What is required.
Could you set down the listing below exactly, leaving out its pictures?

Given material.
· · ·

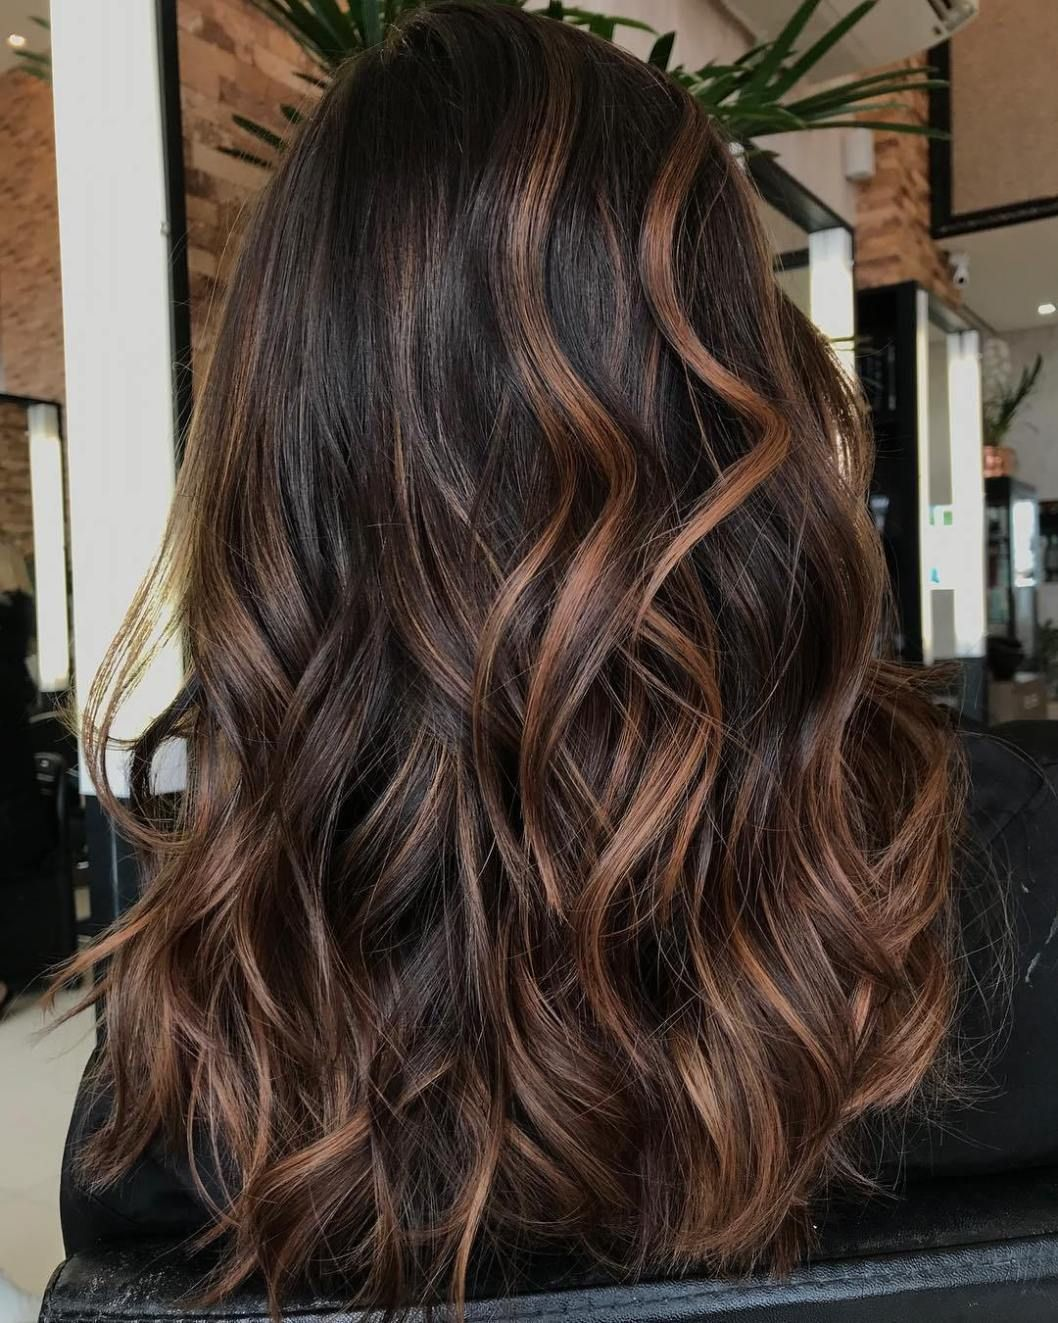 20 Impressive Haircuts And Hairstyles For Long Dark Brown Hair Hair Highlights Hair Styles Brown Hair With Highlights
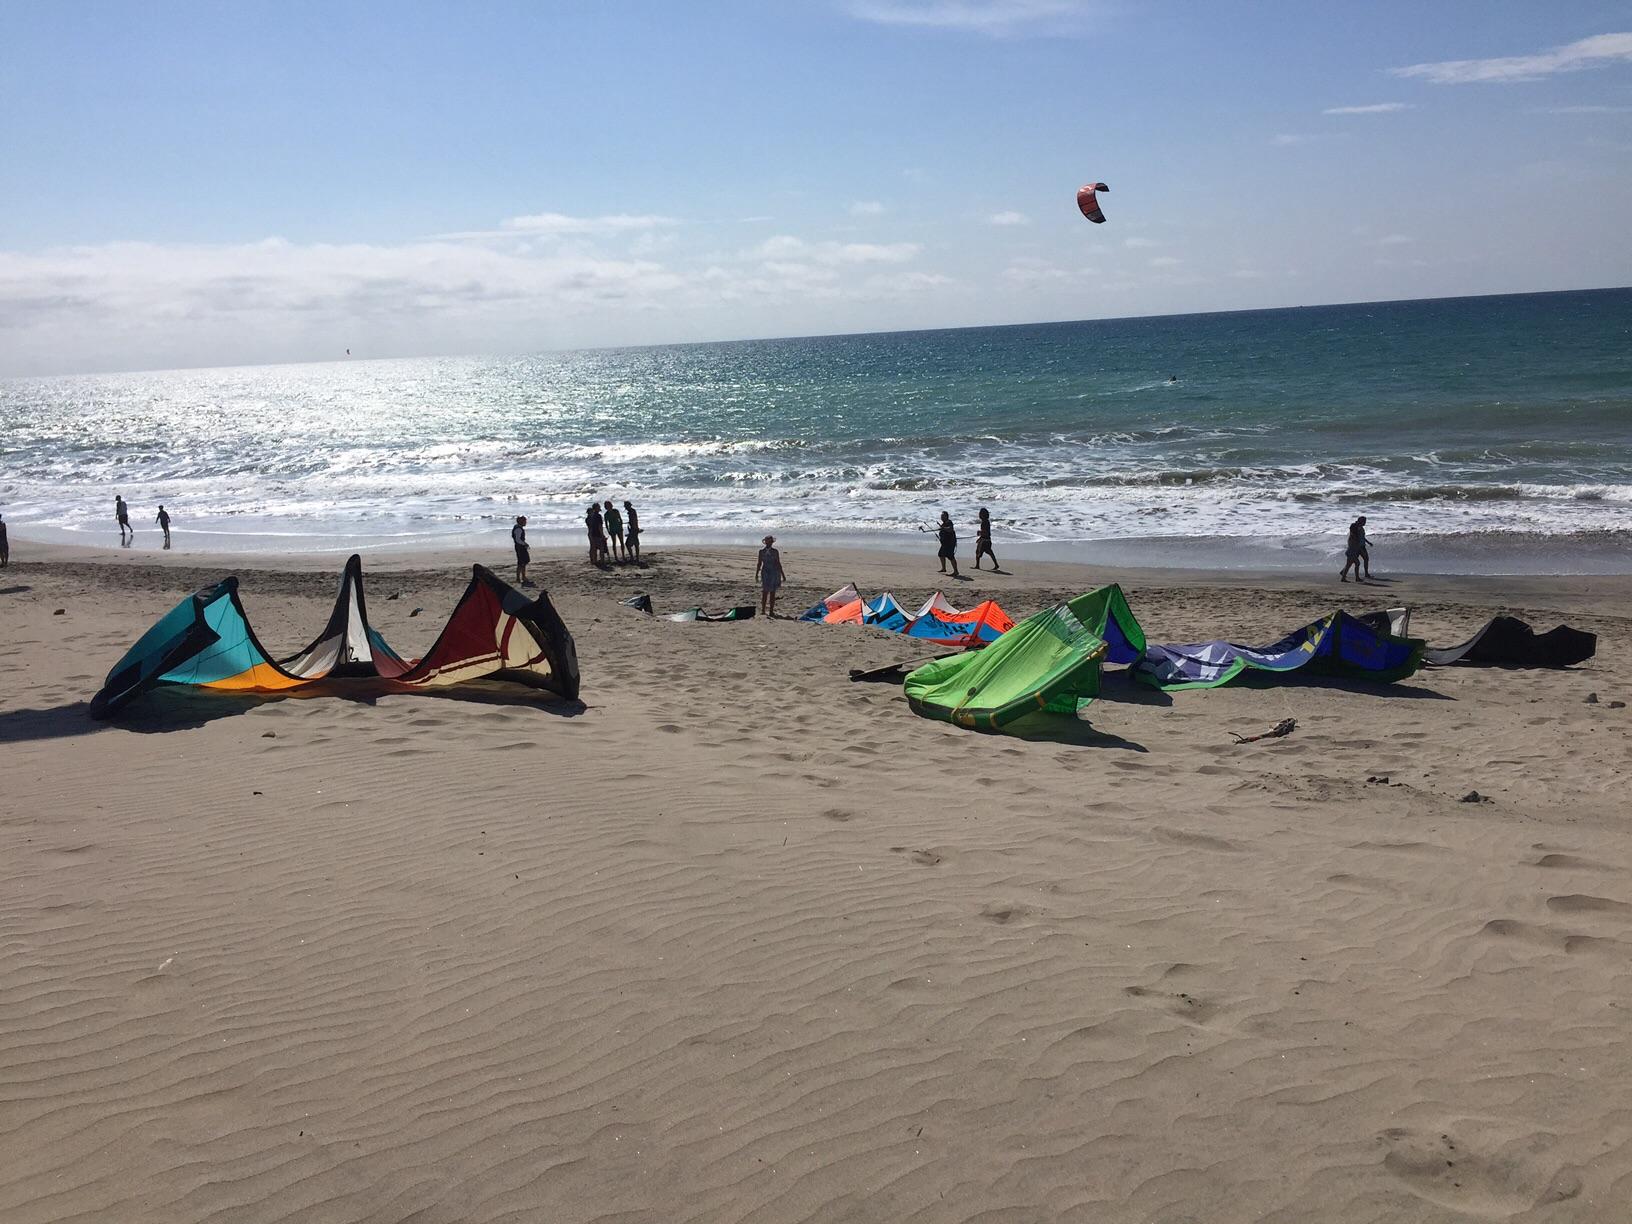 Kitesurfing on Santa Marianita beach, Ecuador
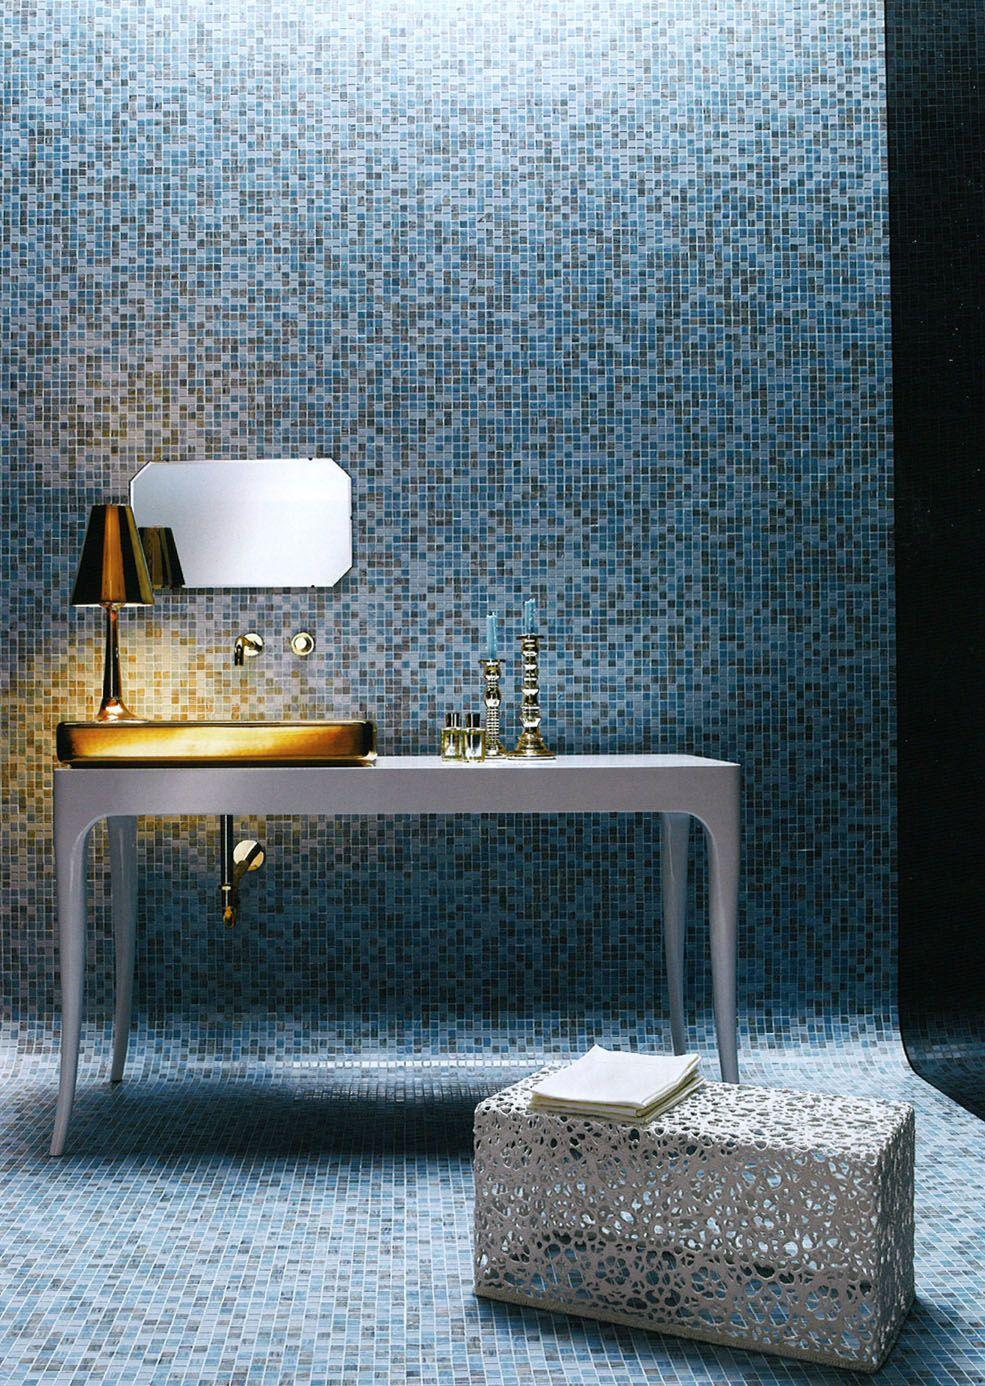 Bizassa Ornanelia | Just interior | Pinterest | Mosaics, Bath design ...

· · ·

Reply to the task.
 20 Impressive Haircuts And Hairstyles For Long Dark Brown Hair Hair Highlights Hair Styles Brown Hair With Highlights
 Kitesurfing on Santa Marianita beach, Ecuador
 Bizassa Ornanelia | Just interior | Pinterest | Mosaics, Bath design ...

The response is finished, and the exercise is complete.